[Recorded data]

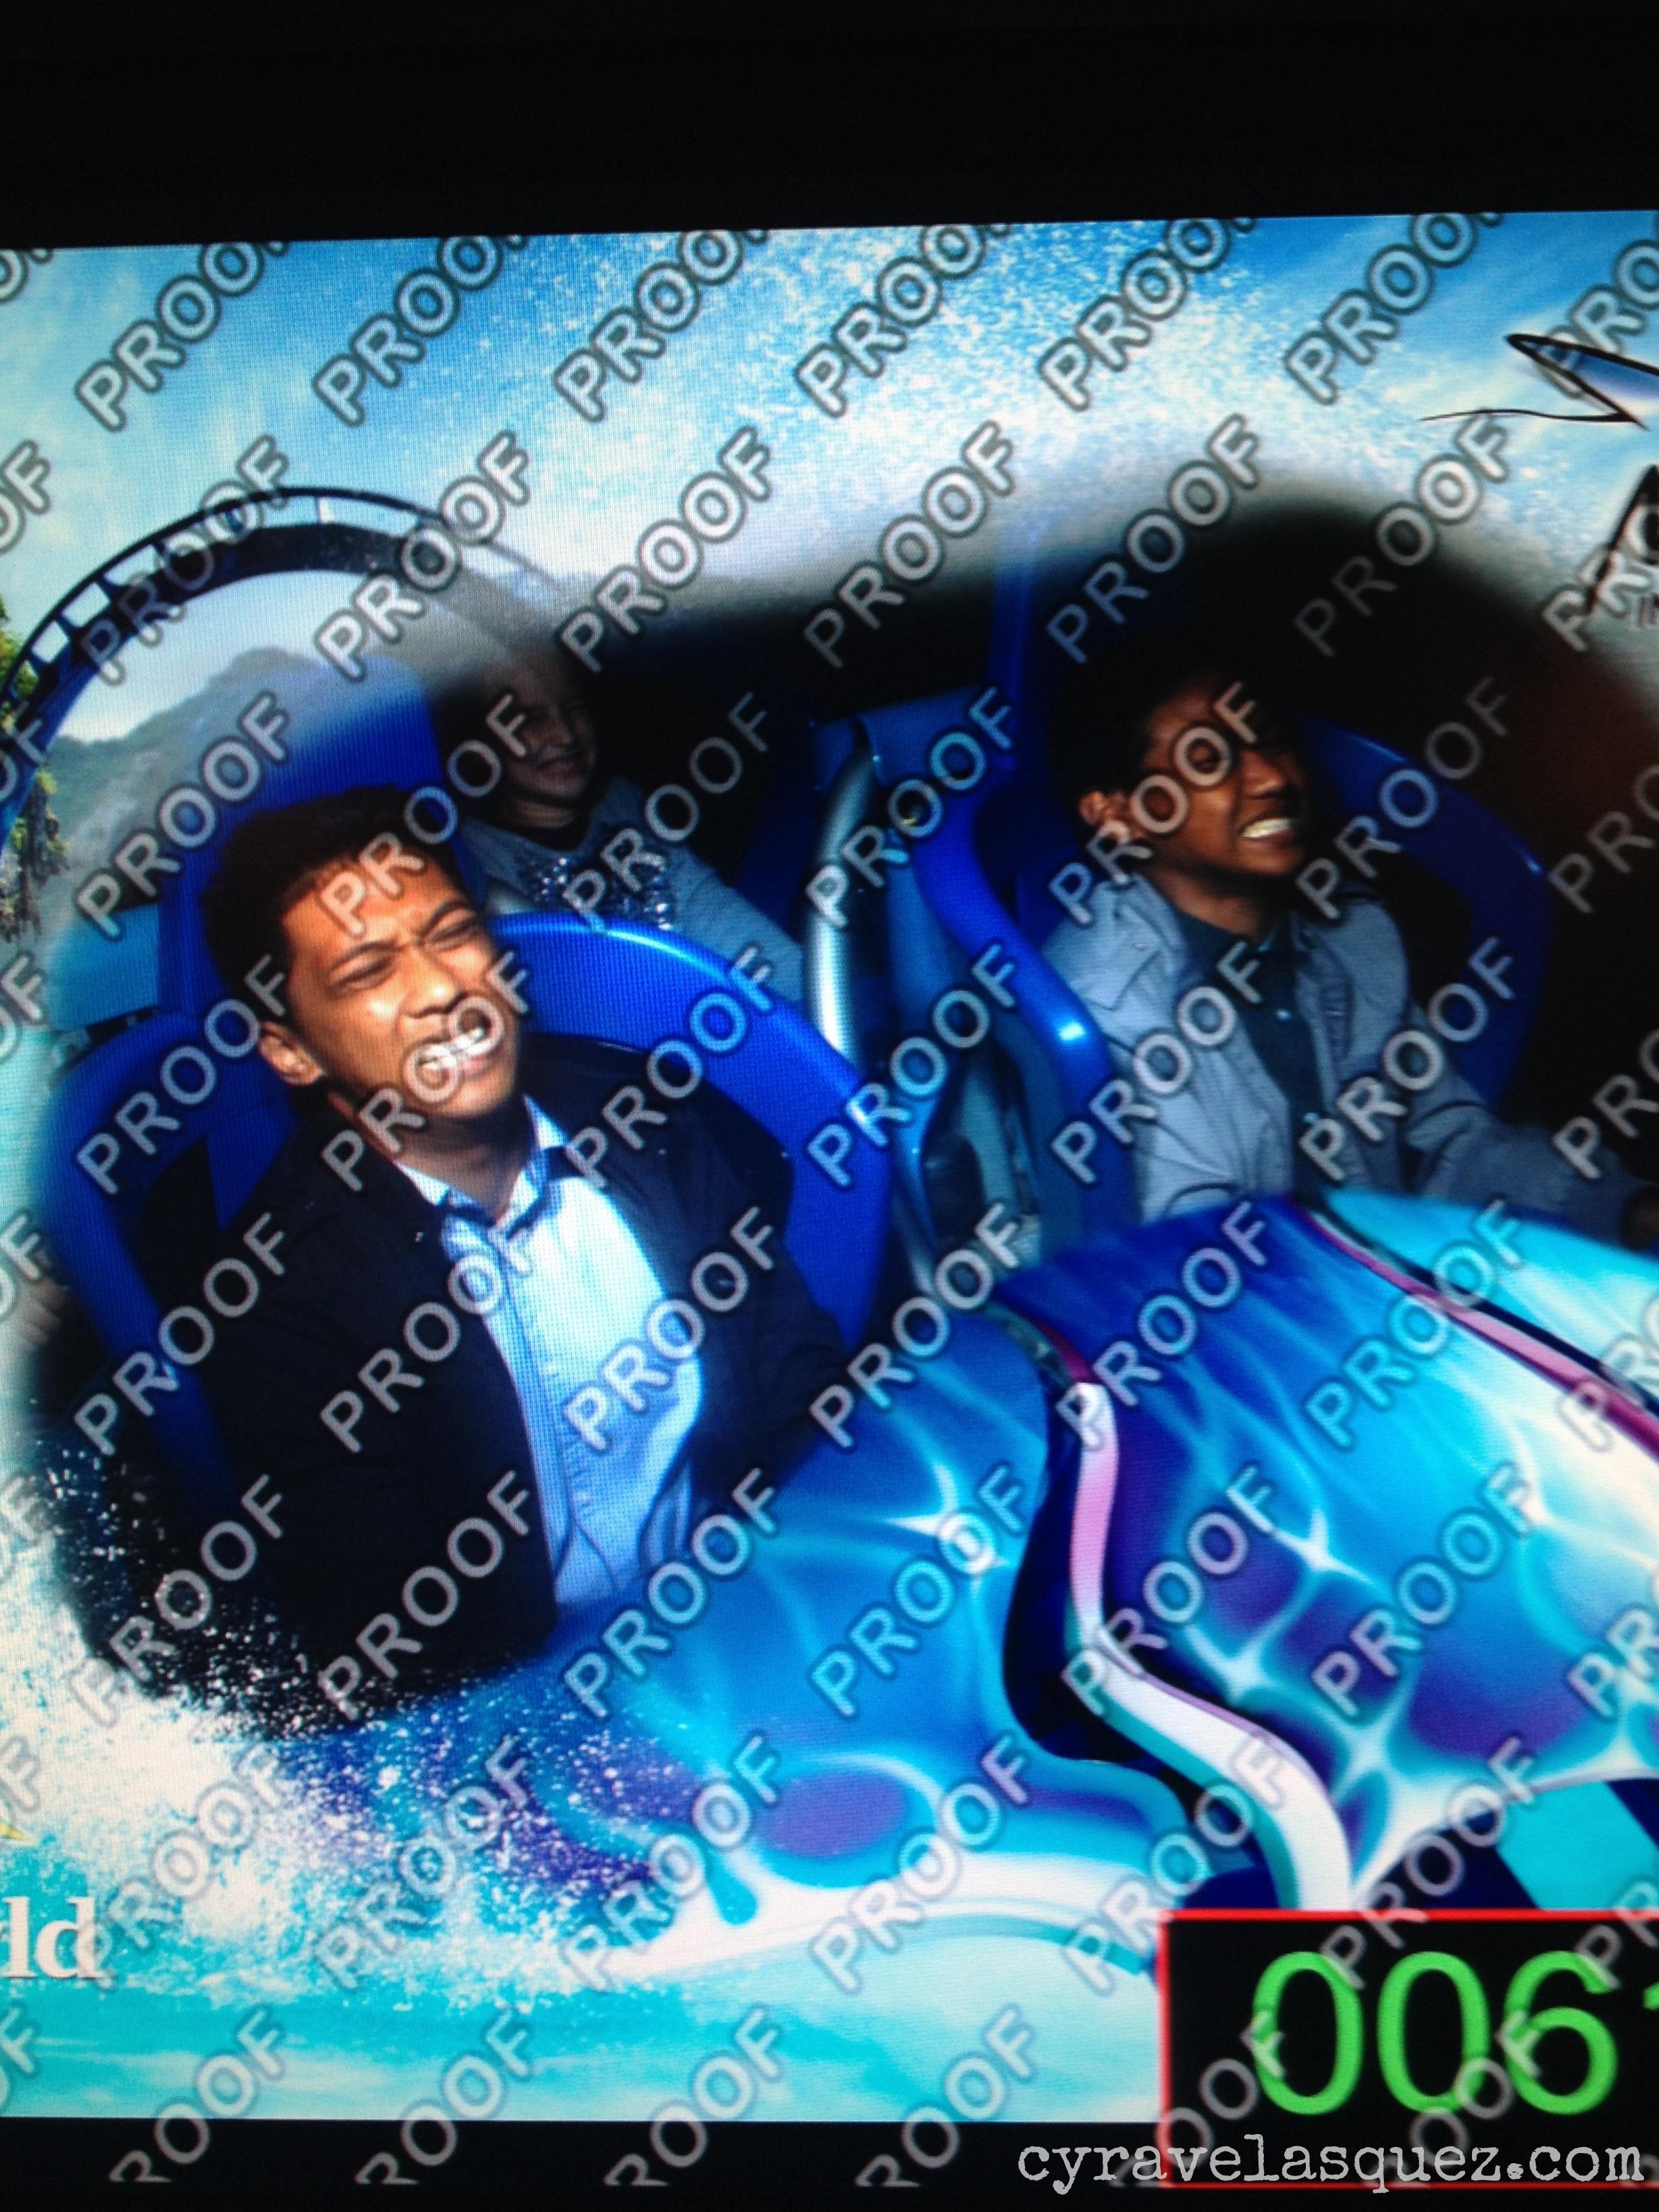 Derek and Brennan Velasquez riding the Manta at SeaWorld San Diego.
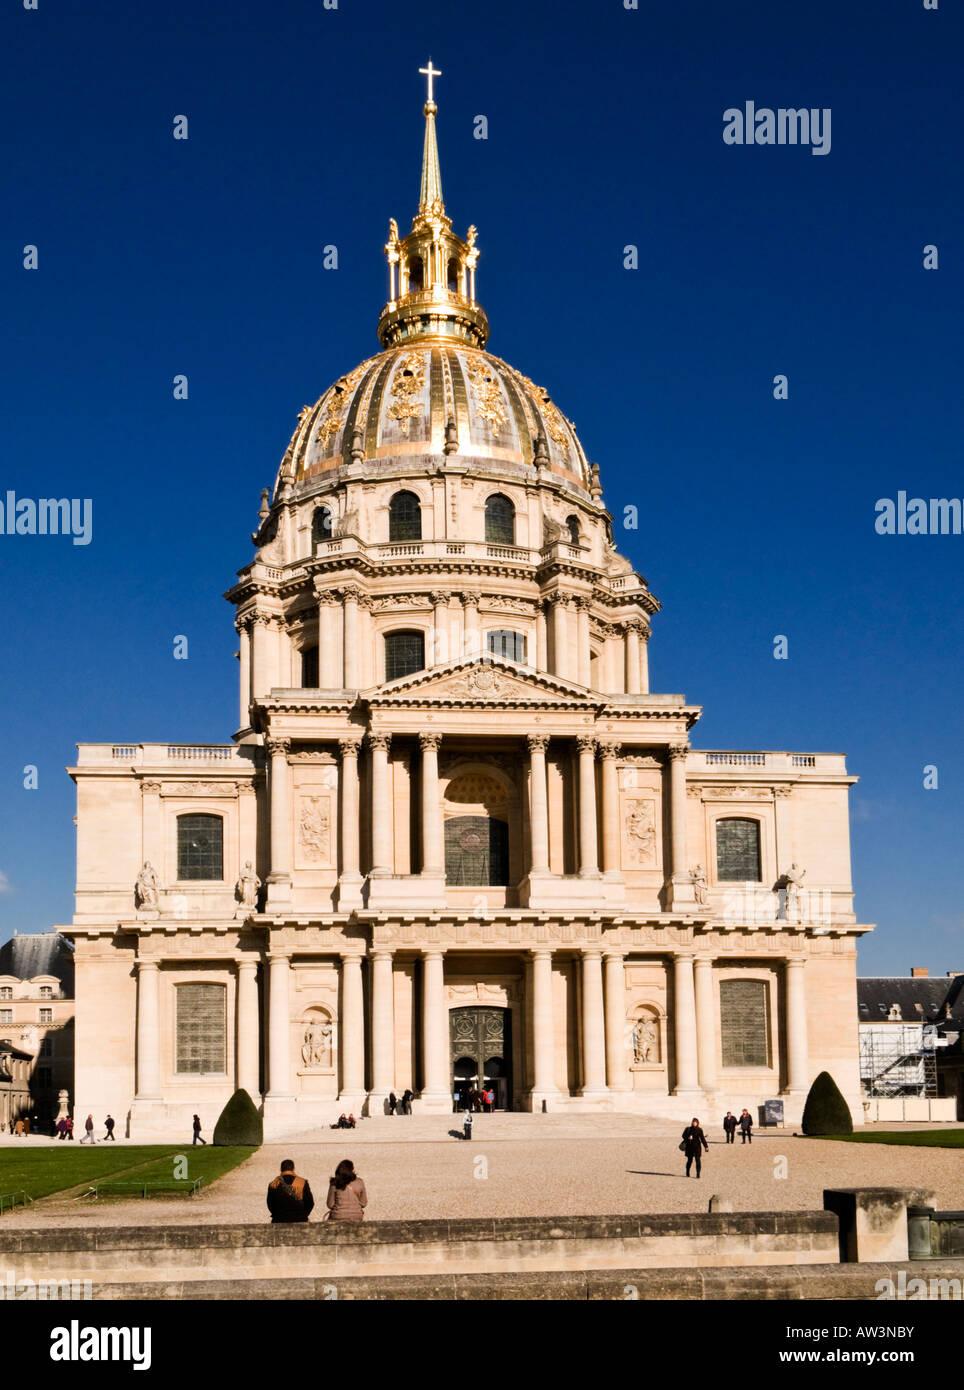 Les Invalides, Paris, France, Europe - Stock Image
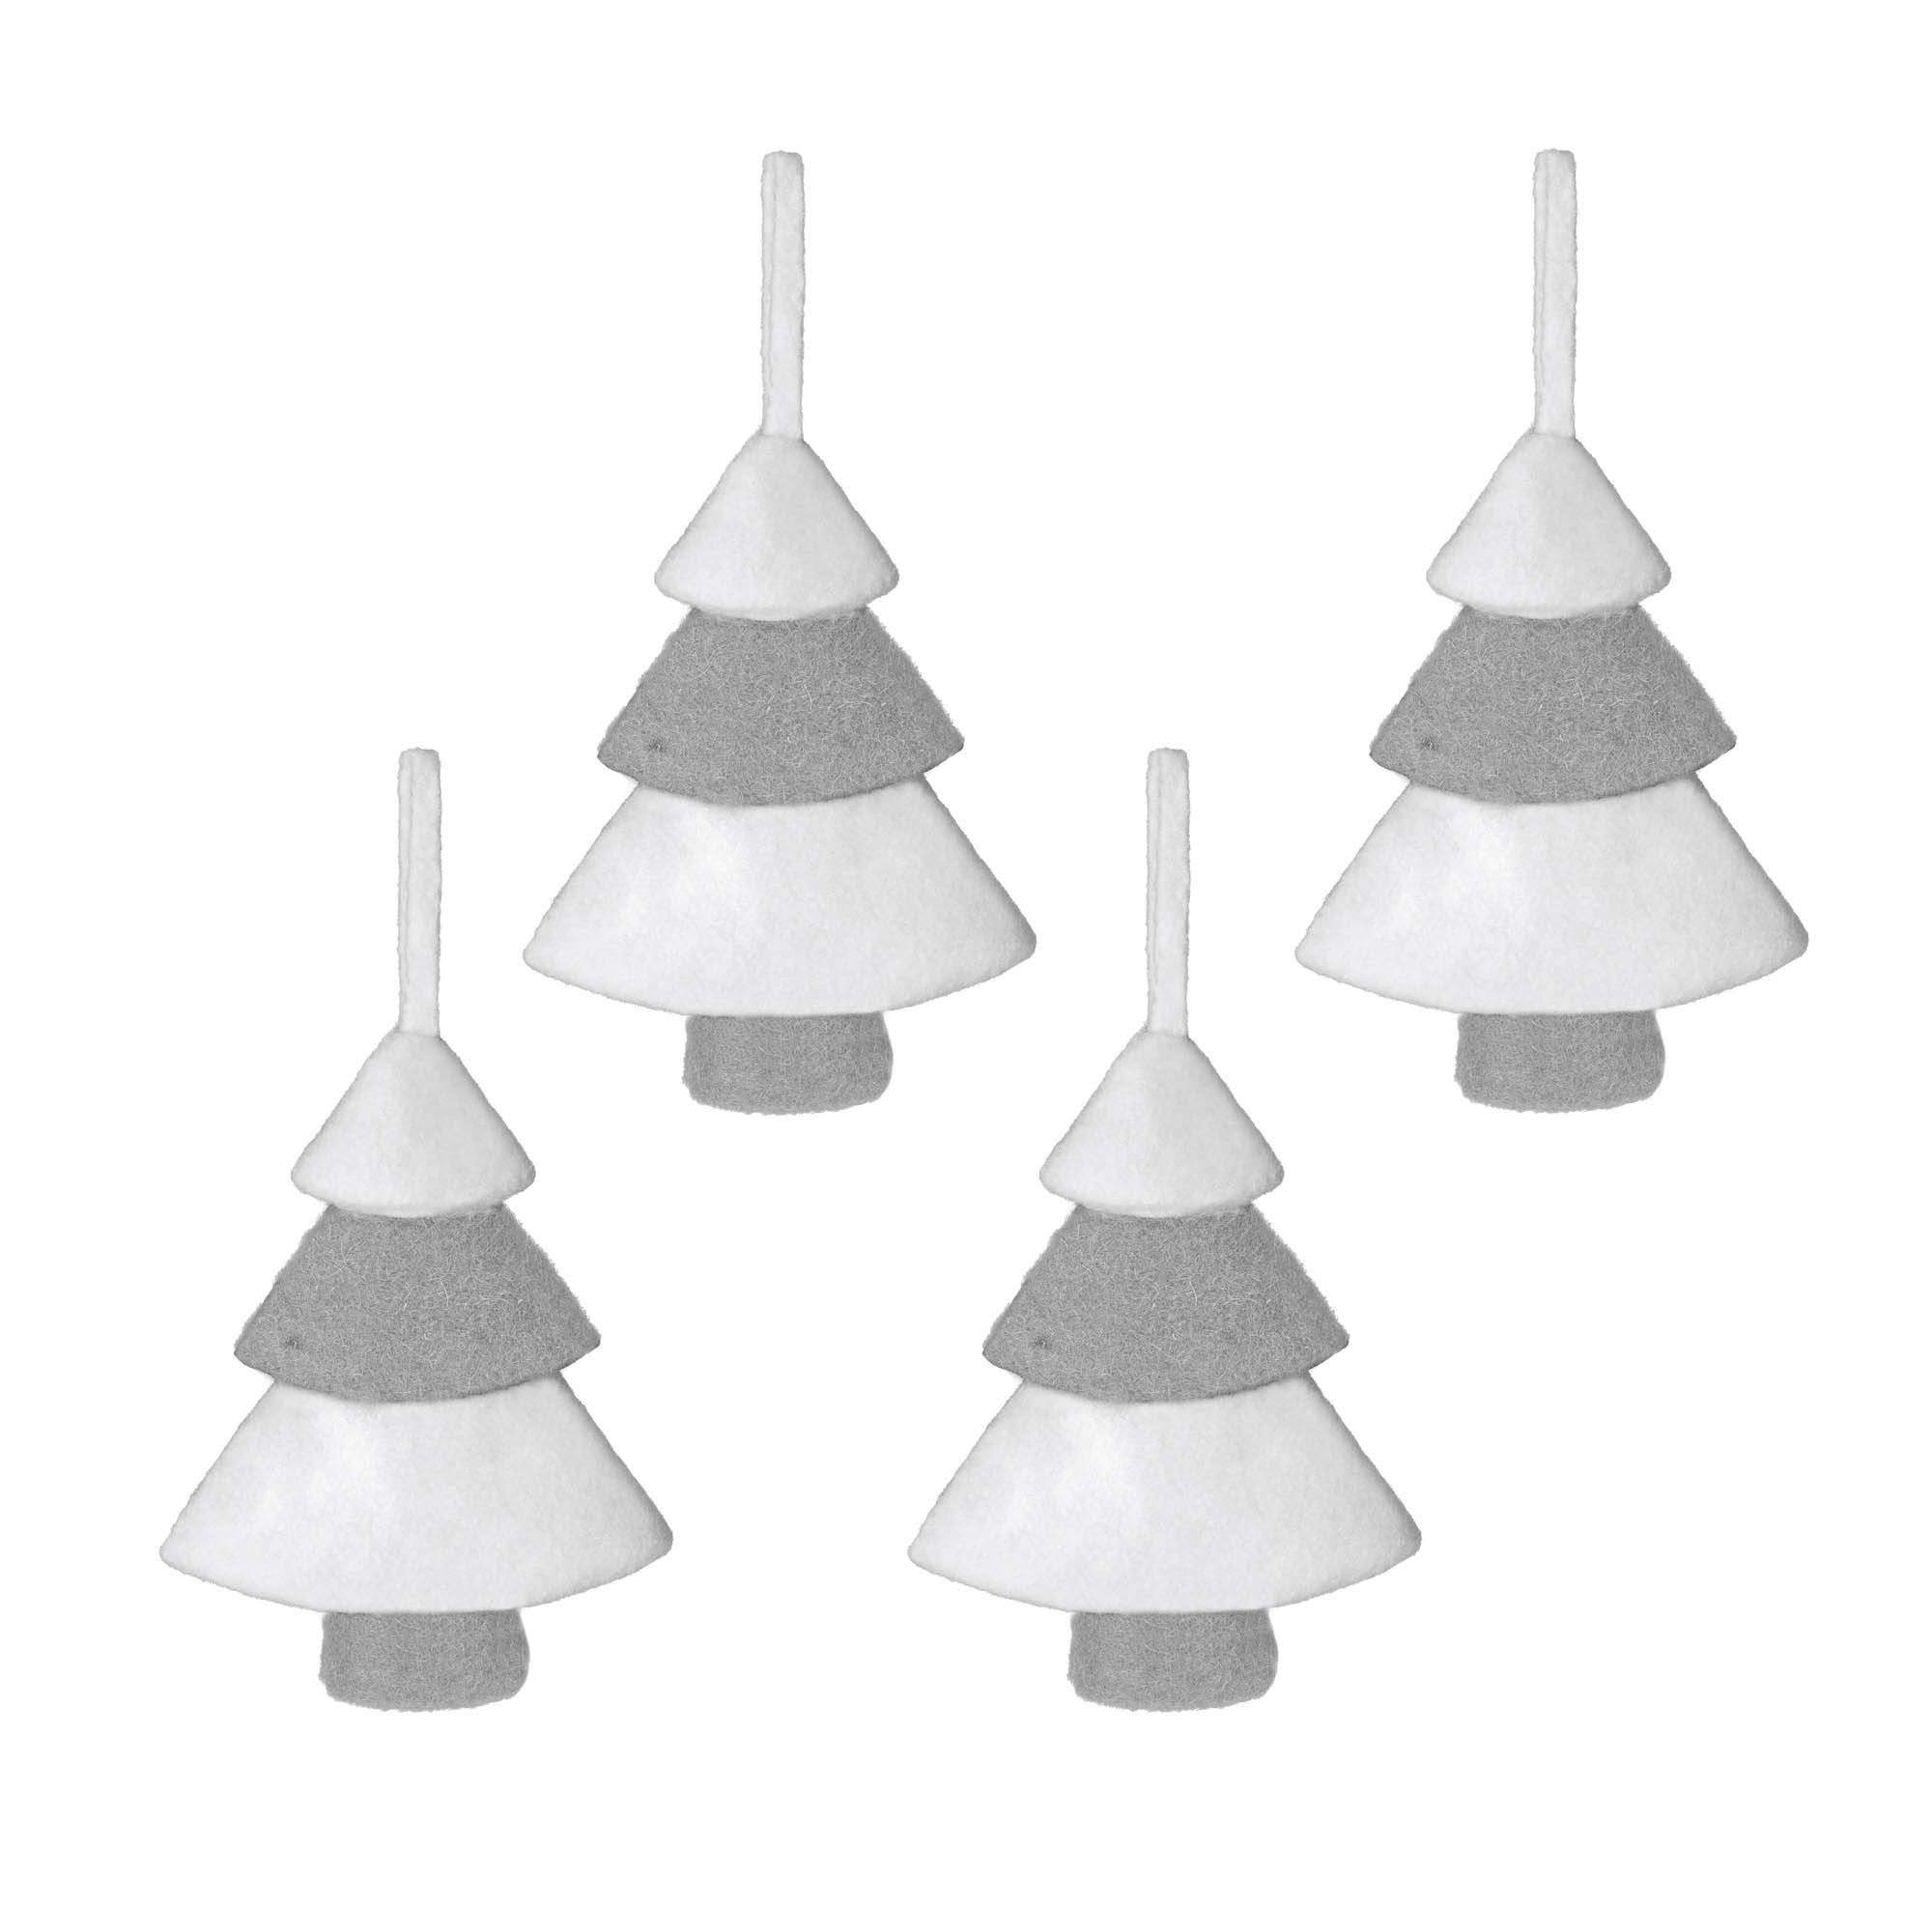 Kave Home Set Clemons di 4 ciondoli decorativi per alberi di Natale

[/Recorded data]

• _Assigned task_
Would you restate the listing word for word without its pictures?

• _The answer_
 Derek and Brennan Velasquez riding the Manta at SeaWorld San Diego.
 Les Invalides, Paris, France, Europe - Stock Image
 Kave Home Set Clemons di 4 ciondoli decorativi per alberi di Natale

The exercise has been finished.